Laschet Jain
Laschet Jain

Reputation: 744

Thread called more times while trying to exit from a thread

I wrote a program which creates two threads, each of which calls a function which basically prints and then call exit().

#include <stdio.h>
#include <stdlib.h>
#include <sys/types.h>
#include <pthread.h>

void *myfunc(void* myvar)
{
    printf("Hello SO\n");
    exit(1);
    return NULL;
}

int main()
{
    pthread_t thread1 , thread2;
    char *msg1 = "First Thread";
    char *msg2 = "Second Thread";
    int ret1, ret2;

    ret1 = pthread_create(&thread1, NULL, myfunc, (void*)msg1);
    ret2 = pthread_create(&thread2, NULL, myfunc, (void*)msg2);

    pthread_join(thread1, NULL);
    pthread_join(thread2,NULL);

    return 0;
}

I am getting the following sets of output:

Output 1 (Desirable):

Hello SO

Output 2 (Desirable):

Hello SO

Hello SO

Output 3 (Undesirable as thread calls the functions two times only):

Hello SO

Hello SO

Hello SO

Please help me with figuring out the solution to output-3. Note : Everything works fine if I remove the exit().

Upvotes: 0

Views: 98

Answers (1)

P.P
P.P

Reputation: 121427

This is likely due to a bug in the glibc implementation of exit() which is unexplained output -- more output than the number of threads. When the process exits by calling exit(), it has to flush all streams, including stdout, to write all unwritten output from buffer. So it's possible that there is a "more" than what you wanted in stdout's buffer.

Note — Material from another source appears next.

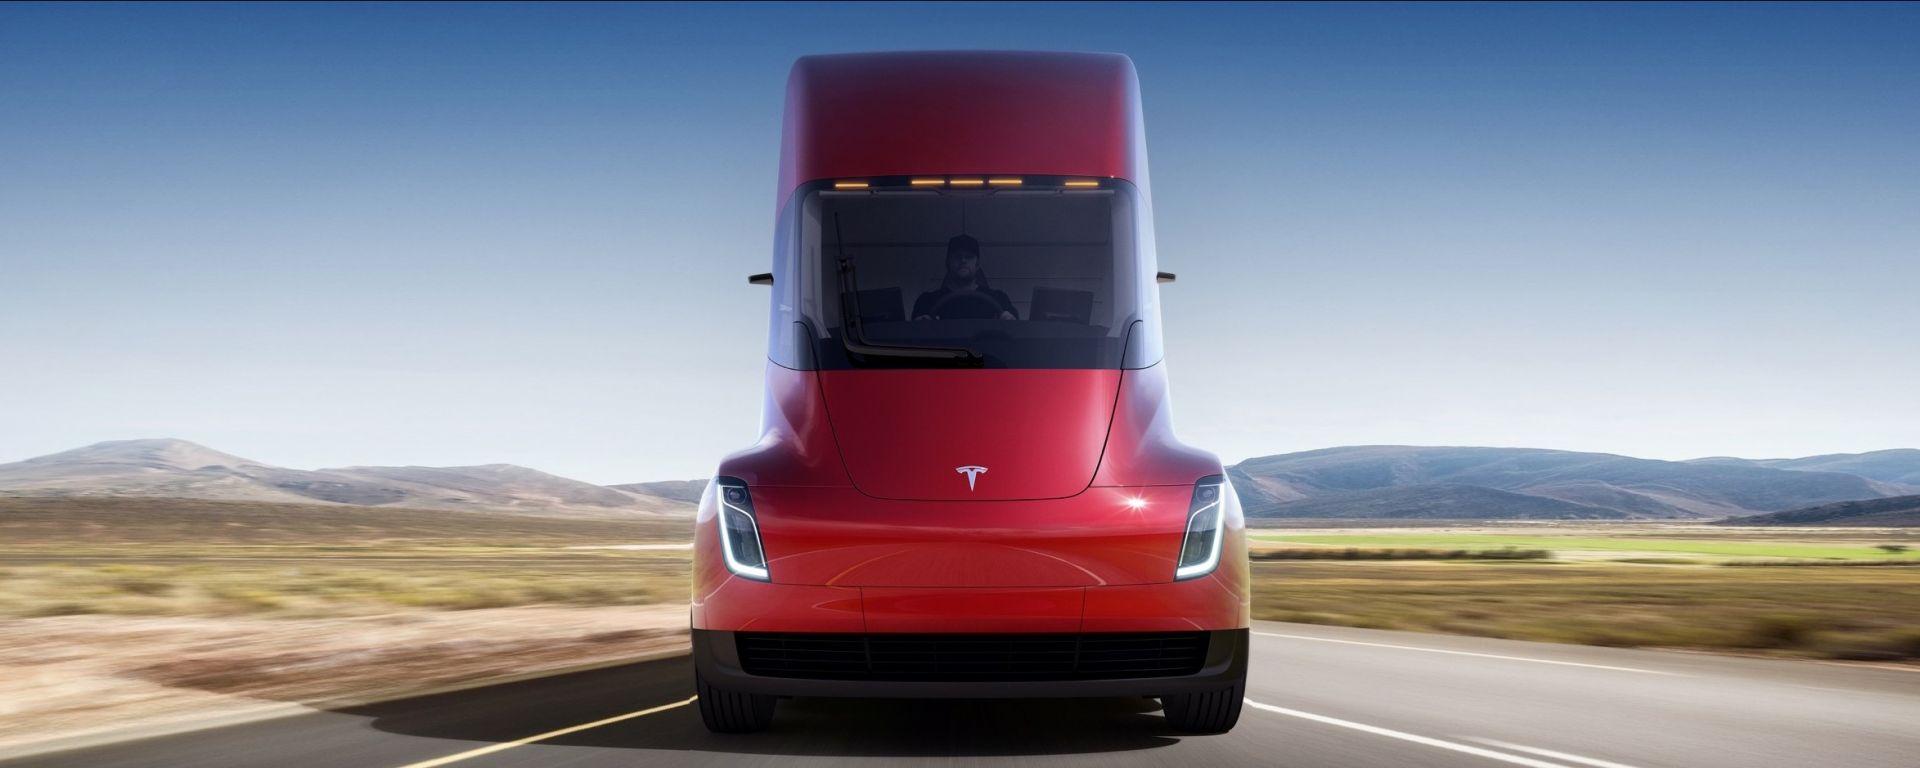 Tesla Semi: vista frontale

stdout is usually line buffer when attached to a terminal device. So I suspect you either don't have \n in the printf or do some sort of output redrection (such as pipe/rediecting to a file).

IIRC, glibc implementers didn't fix it and as a fix, you can call setbuf(stdout, 0); at the start of main() in order to disable the buffering. You can also call pthread_exit() instead of calling exit(). Remember exit() terminates the whole process. Besides, exit() is not thread-safe. So you can only call it safely when you know there's no race condition. To terminate just the thread, call pthread_exit() or simply return from the thread function.

I'll link the glibc bug report when I find it.